FIGURE 3. — **Differential effects of ER stress agents on cytosolic [Ca²⁺] and TF PCA in T24/83 cells.** A, detection of UPR markers in T24/83 cells following treatment with tunicamcyn (Tm) or thapsigargin (Tg). T24/83 cells in 6-well plates were treated with ER stress-inducers tunicamycin (2.5 μg/ml) or thapsigargin (300 nm) for 24 h. Total protein lysates solubilized in SDS-PAGE sample buffer were separated in 10% SDS-PAGE gels, transferred to nitrocellulose membranes, and immunoblotted for phospho-eIF2α (*p-eIF2*α) and GRP78. Membranes were stripped and reprobed with β-actin as a loading control. Results shown are representative of three independent experiments. B, quantitative RT-PCR analysis of CHOP and spliced XBP-1 mRNA in T24/83 cells treated with thapsigargin or tunicamycin for 2, 4, and 8 h. Total RNA was isolated, reverse transcribed to single-stranded cDNA, and analyzed by quantitative RT-PCR using primers specific for human CHOP or spliced XBP1. Results are expressed as -fold induction of target gene mRNA levels *versus* β-actin. *, p < 0.05 *versus* non-treated (NT) cells. C, effect of thapsigargin or tunicamycin on cytosolic [Ca²⁺] in T24/83 cells. Calcium fluorometry of T24/83 cells treated with thapsigargin (1 μm), tunicamycin (5 μg/ml), ionomycin (10 μm), or drug vehicle (1× PBS), was determined utilizing the ratiometric calcium-sensitive dye Fura-2 AM. Ratiometric measurements were made for 30 min after agonist stimulation. D, TF PCA in T24/83 cells following treatment with increasing concentrations of thapsigargin or tunicamycin. *, p < 0.01 *versus* non-treated cells (NT). E, TF PCA in T24/83 cells following treatment with 5 μm thapsigargin (positive control). T24/83 cells were pre-treated for 30 min in the absence or presence of increasing doses of BAPTA. *, p < 0.05 *versus* non-treated cells (NT). ^±, p < 0.05 *versus* Tg-treated cells.

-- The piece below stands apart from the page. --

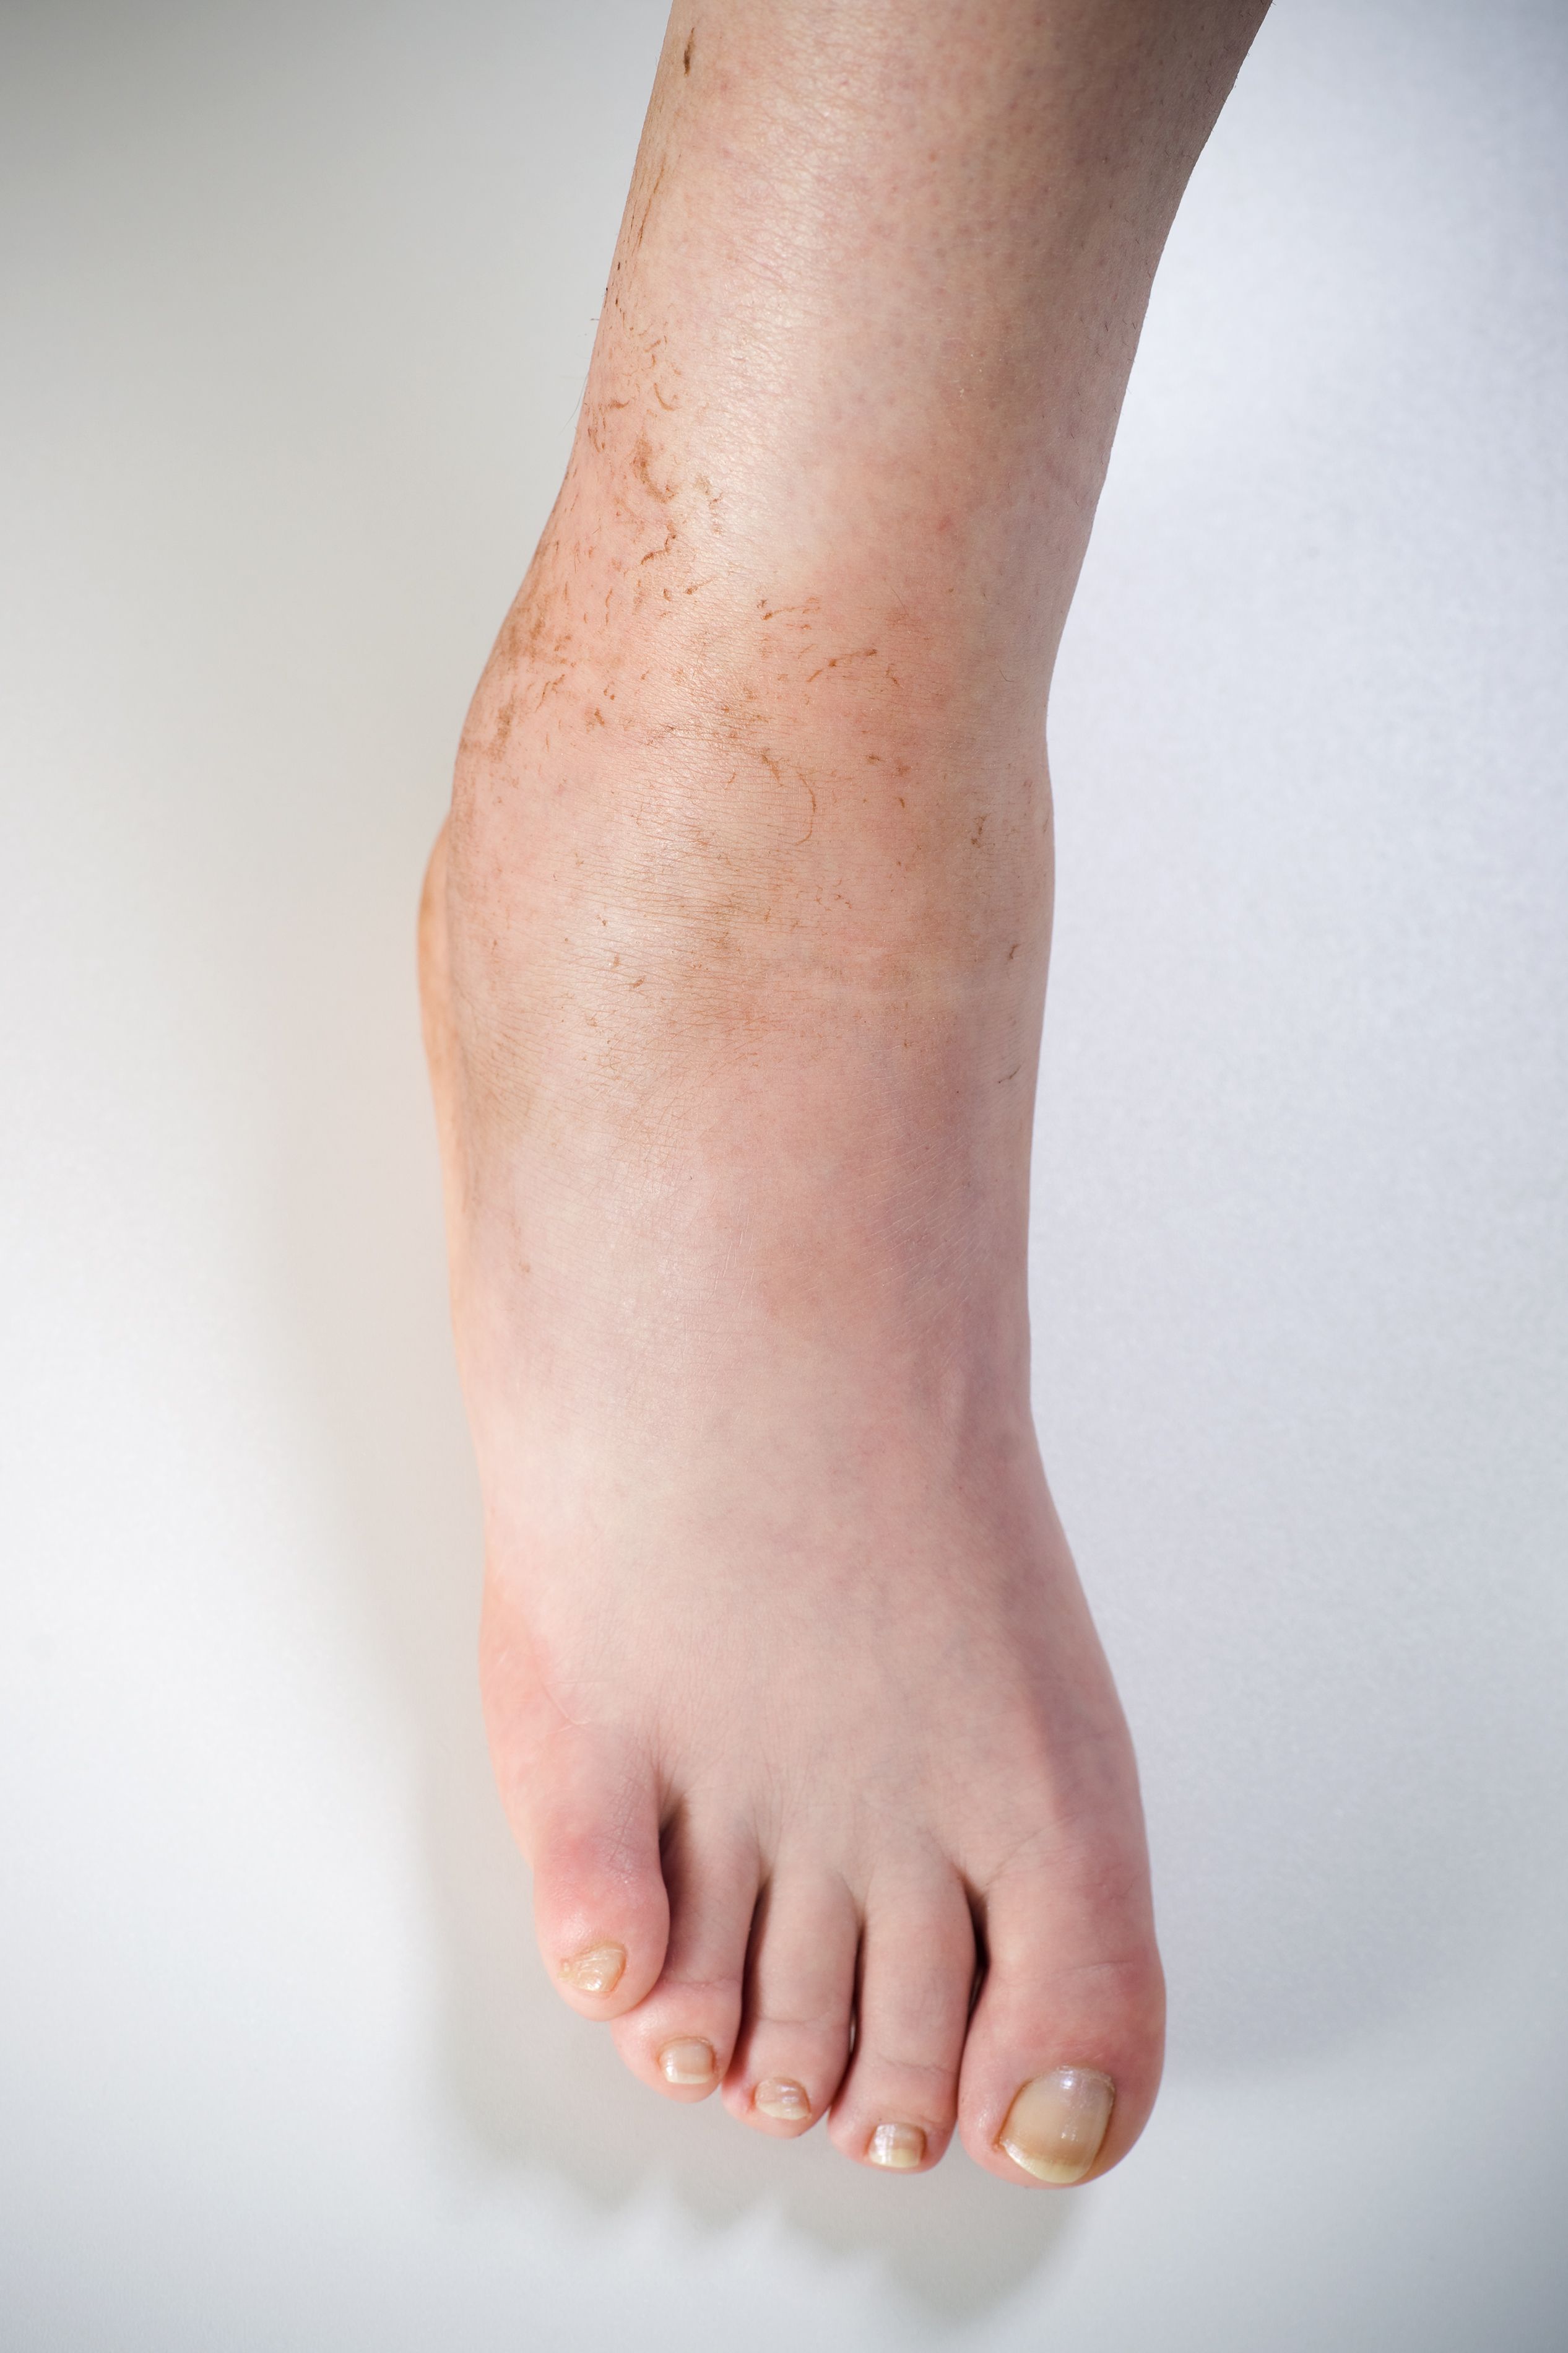 What Causes Swollen Feet and Ankles? – My FootDr

Anti-GRP78 Autoantibodies Increase Cytosolic [Ca²⁺] and Induce TF PCA

Previous studies have reported that anti-GRP78 autoantibodies from prostate cancer patients bind to cell surface GRP78 on several human prostate cancer cell lines and cause the release of Ca²⁺ from ER stores (26). Consistent with these findings, anti-GRP78 autoantibodies were able to dose-dependently increase cytosolic [Ca²⁺] over a human IgG control in T24/83 cells (Fig. 4A). Importantly, autoantibody concentrations of 60 μg/ml caused a >6-fold increase in cytosolic [Ca²⁺], intracellular levels that are necessary to up-regulate TF PCA (15). To elucidate the effect of anti-GRP78 autoantibodies on TF PCA, cells were treated with increasing concentrations of the anti-GRP78 autoantibody: 7 μg/ml, which corresponds to the maximum levels observed in the healthy population, and 30–60 μg/ml, which corresponds to the levels observed in prostate cancer patients (Fig. 4B) (26). Our results demonstrated that treatment of cells with 7 μg/ml of the anti-GRP78 autoantibodies had no effect on TF PCA. However, 60 μg/ml of the autoantibody caused a significant increase in TF PCA similar to that observed with thapsigargin (Fig. 4B). A similar enhancement in TF PCA was observed with 30 μg/ml of the autoantibody. This effect on TF PCA was abolished by preincubation with an anti-TF inhibitory antibody, implying that this effect was mediated exclusively by TF. In contrast, the nonspecific anti-GFP antibody had no significant effect on TF PCA induced by the autoantibodies. To further confirm the role of cell surface GRP78 in TF PCA following treatment with the anti-GRP78 autoantibodies, we utilized the prostate cancer cell line (PC-3) that expresses TF (31) but low levels of cell surface GRP78 (Fig. 4C) (26). Both T24/83 and PC-3 cells were treated with thapsigargin or anti-GRP78 autoantibodies, and TF PCA was measured (Fig. 4D). Thapsigargin treatment elicited a significant up-regulation of TF PCA for both cell lines. In contrast, autoantibody treatment up-regulated TF PCA in the T24/83 but not PC-3 cells, suggesting that cell surface GRP78 is necessary for autoantibody-mediated TF PCA.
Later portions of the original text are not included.